Папа – заботливый и внимательный. Идут с Дубовой. У мамы сумка,у папы сумка:
-Аннушка, давай мне сумку, я на плечо возьму.
-Отец, для смеха что ли ты говоришь.  Ты с одной рукой  две сумки понесёшь, а я рядом буду прохлаждаться. Люди-то что скажут.
-Люди людьми, а ты вон какая усталая.
-А ты у меня двужильный, не устал. Отец, не выдумывай, потихоньку дойдём.
   Но бывало папа ещё замечание маме делал:
 - Аннушка, ты что сутулишься, ноги еле передвигаешь, вон смотри, как женщина красиво идёт.


   90-ые годы.

   Нам не платят зарплату. Старшая дочка учится в институте. Ей надо деньги высылать, где их взять? Какие-то гроши выплатят, заплатим за квартиру и остаётся только на хлеб. Дома своя картошка и квашеная капуста. В закрученных банках компот, салат огуречный, варенье.
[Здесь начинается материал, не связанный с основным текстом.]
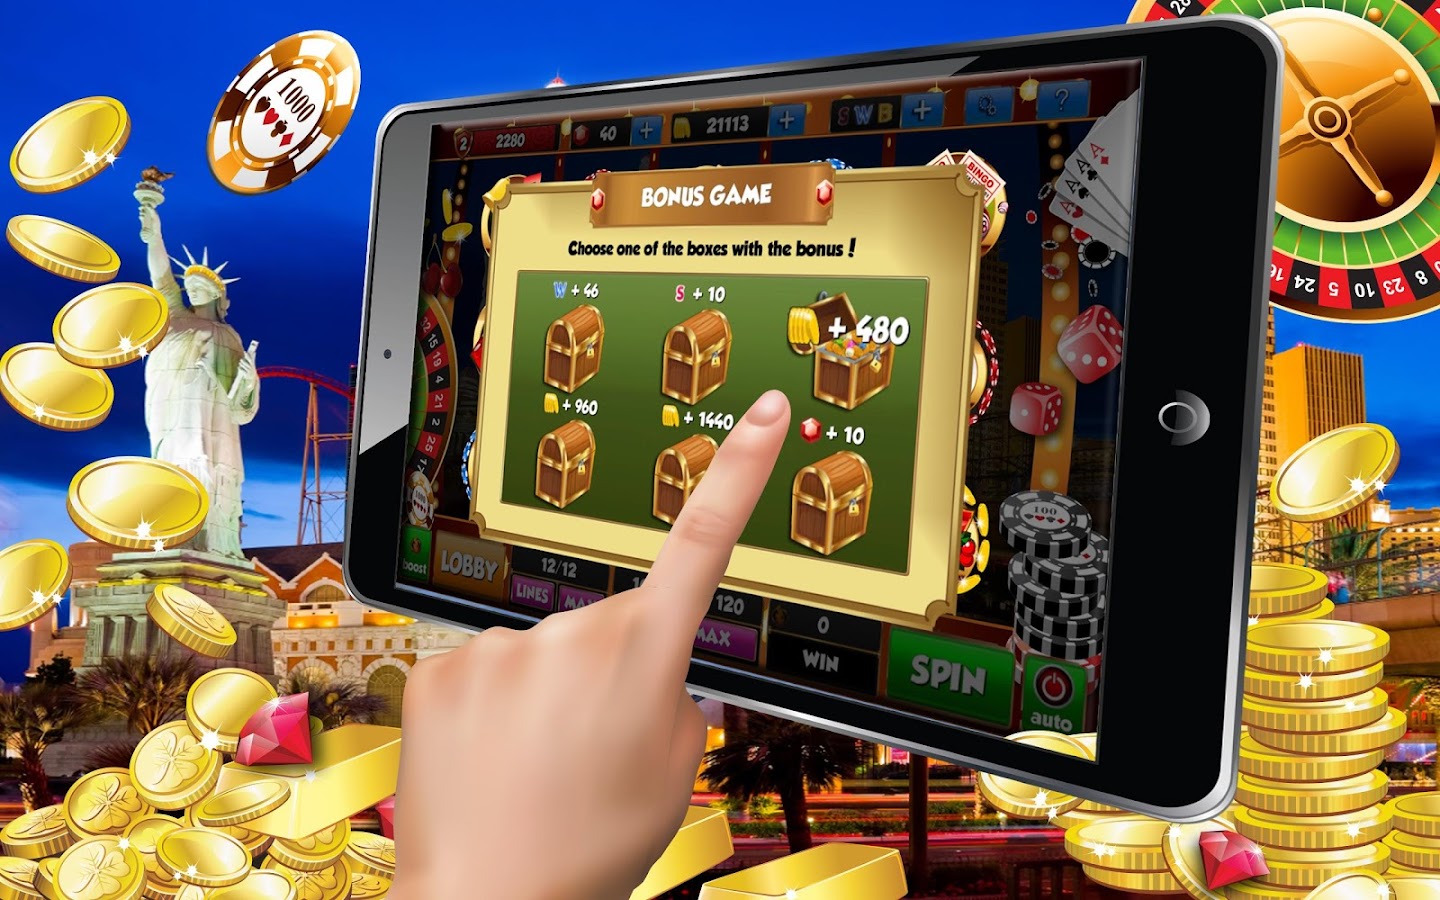 Рейтинг онлайн казино андроид подборка лучших бонд казино рояль смотреть онлайн бесплатно в хорошем качестве hd 720
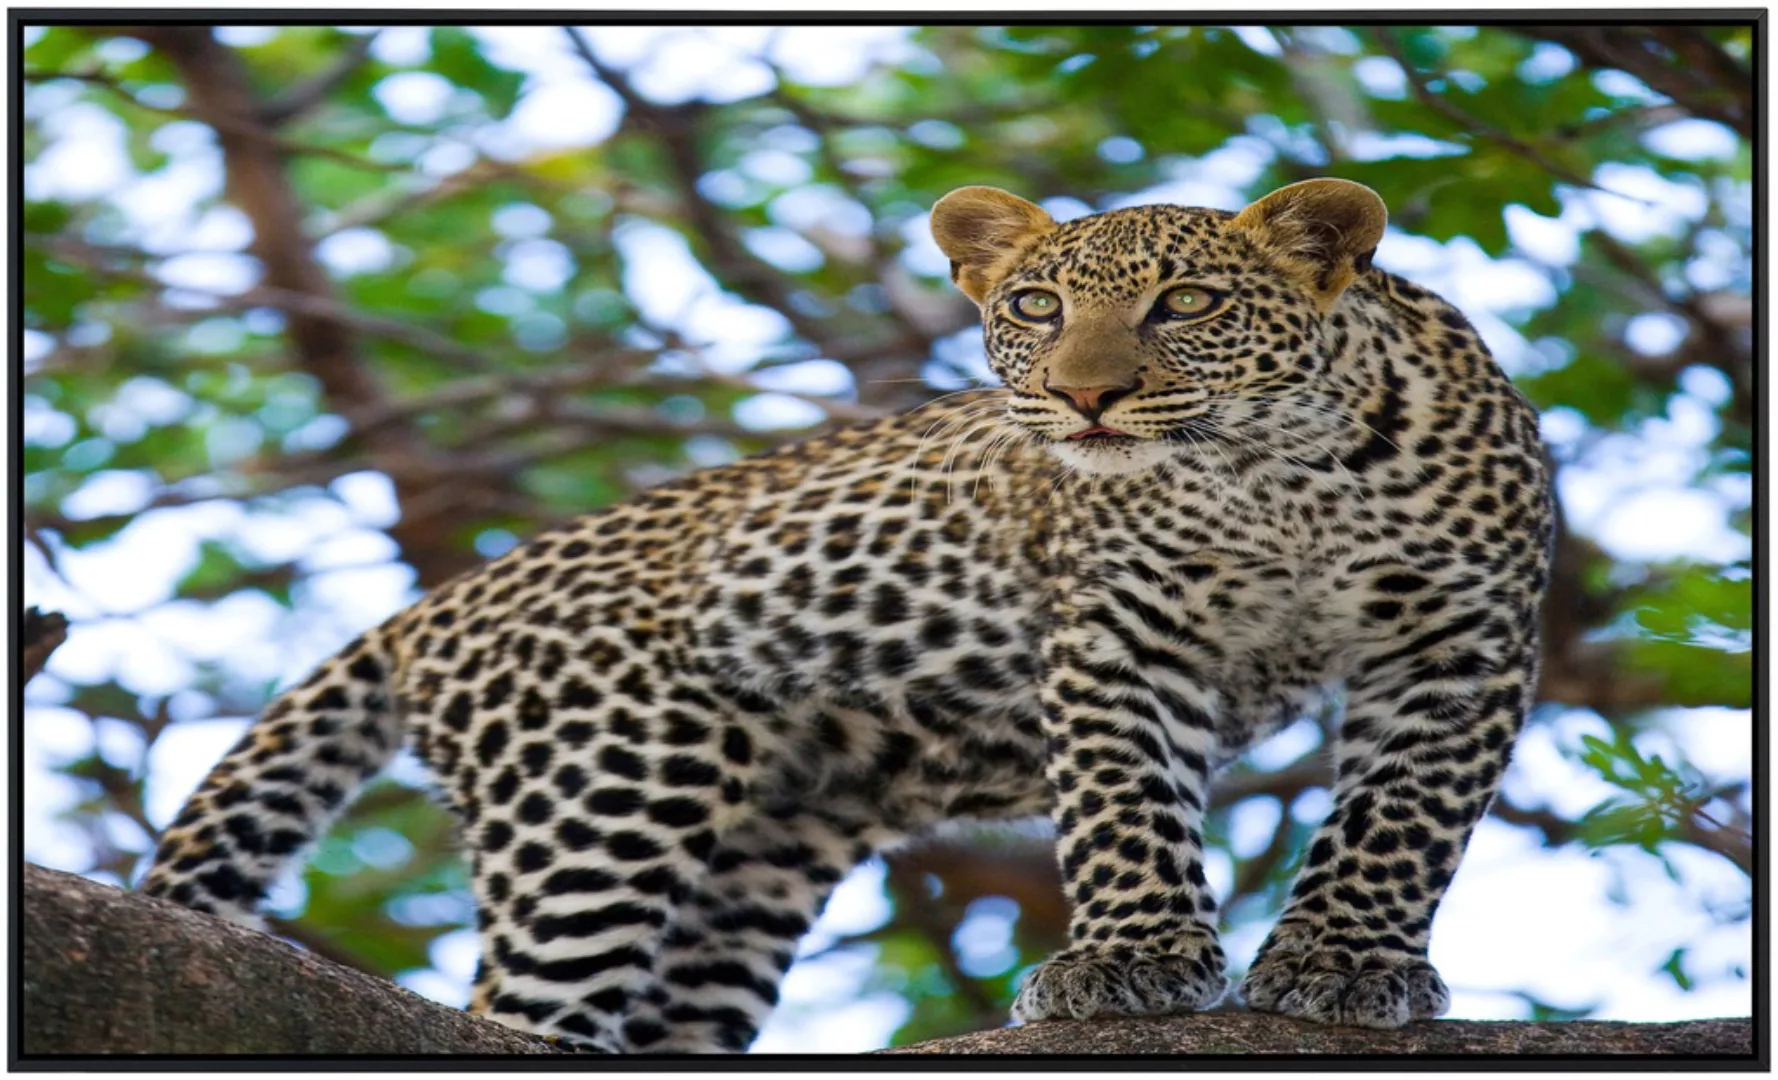 Papermoon Infrarotheizung »Leopard auf dem Baum«, sehr angenehme Strahlungs günstig online kaufen
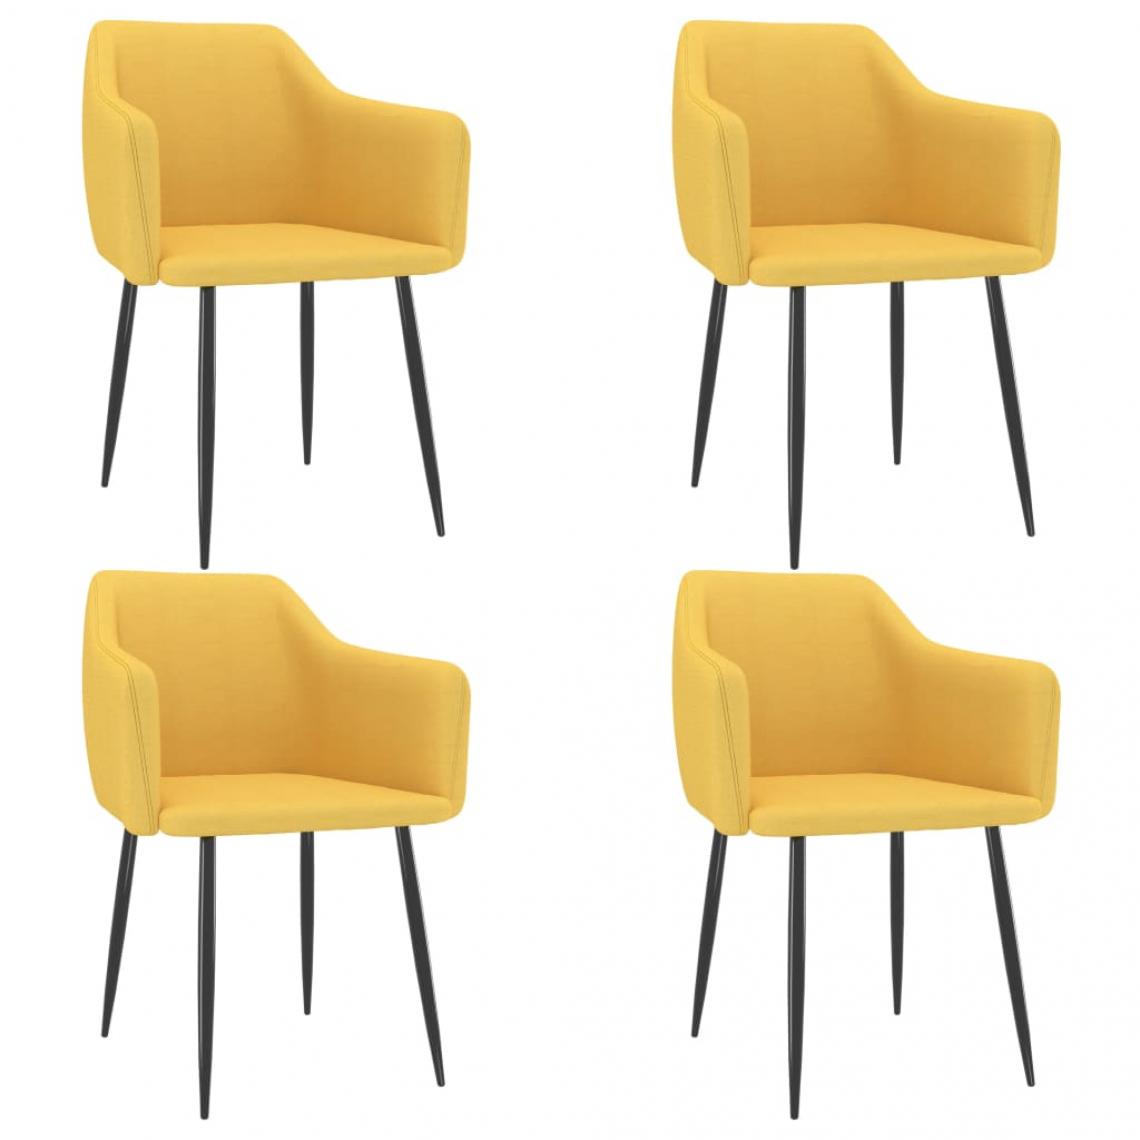 Decoshop26 - Lot de 4 chaises de salle à manger cuisine design moderne tissu jaune CDS021653 - Chaises

Не голодаем. 
   Но надо старшей дочке деньги выслать. В Челябинске на одной картошке не проживёшь. Занимать не у кого, да и не занимали мы никогда.
  Шёл я к родителям. Они выручали, помогали, чем могли.
   Я ничего не обещал, когда деньги верну, да мама с папой и не спрашивали.
Жили мы тогда одним днём. В чём моя благодарность родителям? Помогал делом, работой, сколько мог. Никогда не забывал и не забуду, как они нам помогли.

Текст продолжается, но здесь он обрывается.